The Shrinkage t-test [14] is a regularized version of the Welch's t-test, which replaces the sample variance $s_i^2$ by estimates that are shrunk towards the median variance of all observed data points. Since this approach allows to control the influence of outliers, the Shrinkage t-test is more robust than the standard t-tests. For this reason this method should always be preferred when sample sizes are small. Unlike the other t-tests, the Shrinkage t-test needs to be performed on all data points simultaneously in order to find an appropriate shrinkage estimator. Whenever this test is only applied to one datapoint or there is no difference between the different variances, this formulation is reduced to the standard Welch's t-test.
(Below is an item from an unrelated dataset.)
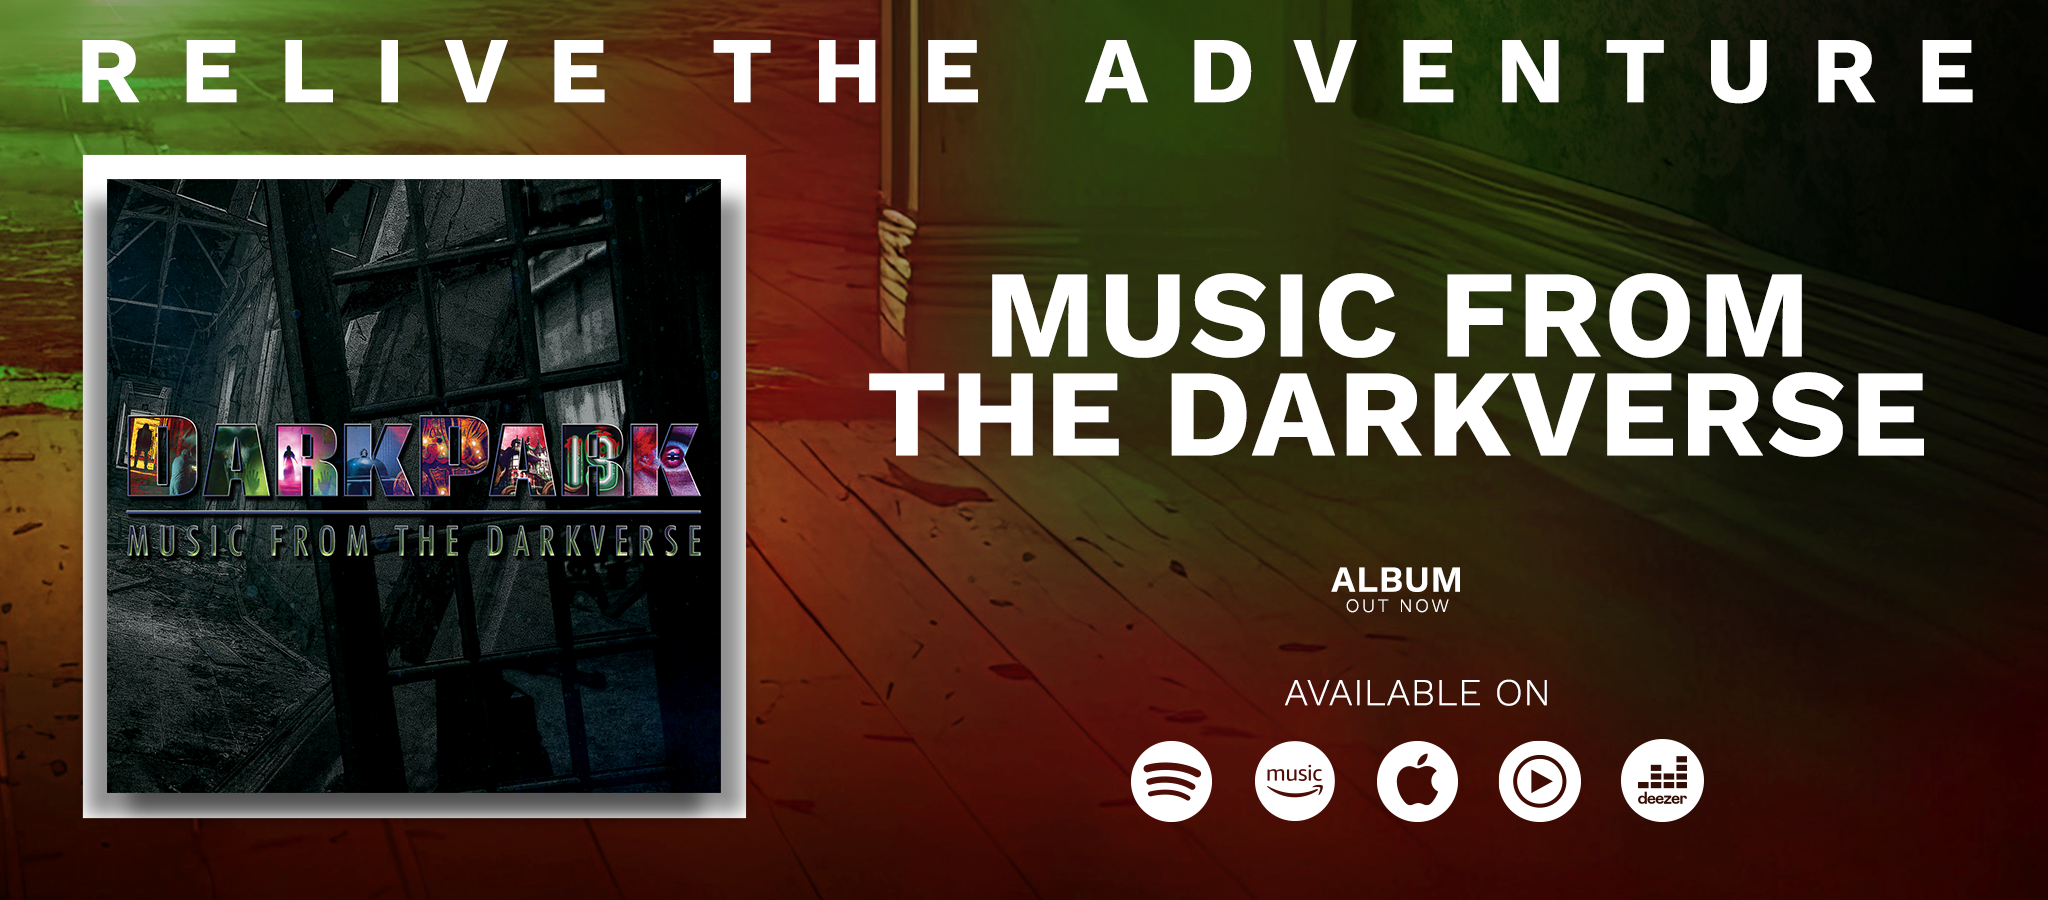 DarkPark: Music from the DarkVerse

Suppose we have p data points, then the shrinkage estimator is formulated as follows:

$$\nu_k^*= \hat \lambda^* \nu_{\text{median}} + (1- \hat \lambda^*)\nu_k$$,where $\hat \lambda^*$ is the estimated pooling parameter.

$$\hat \lambda^* = \min ( 1, \frac{\sum_{k=1}^{p}\widehat{Var}(\nu_k)}{\sum_{k=1}^{p}(\nu_k - \nu_{\text{median}})^2} )$$The sample version of the variance can be defined as:

$$\widehat{Var}(\nu_k)= \frac{n}{(n-1)^3} \sum_{i=1}^{n}(w_{ik} - \bar w_k)^2$$ $$\bar x_k = \frac{1}{n} \sum_{i=1}^{n}x_{ik}$$ $$w_{ik} = (x_{ik} - \bar x_{k})^2$$ $$\bar w_k = \frac{1}{n} \sum_{i=1}^{n}w_{ik}$$ $$\nu_k = \frac{n}{n-1} \bar w_k$$The test statistic can be obtained by using Welch's t-test with the shrinkage variance estimate:

$$t_k^* = \frac{\bar x_{k} - \bar y_{k}}{\sqrt{\frac{v_{kx}^*}{n} + \frac{v_{ky}^*}{m}}}$$The corresponding p-value can be obtained accordingly.

### Non-parametric tests

In comparison to parametric tests, non-parametric methods make fewer assumptions about the analyzed data, for example they do not rely on probability distributions of assessed variables [15]. Due to the reliance on fewer assumptions, these approaches are more robust and may be applied in situations where less is known about the analyzed data. For example, non-parametric methods can be applied to samples that have a ranking but no clear numerical interpretation, such as when assessing preferences.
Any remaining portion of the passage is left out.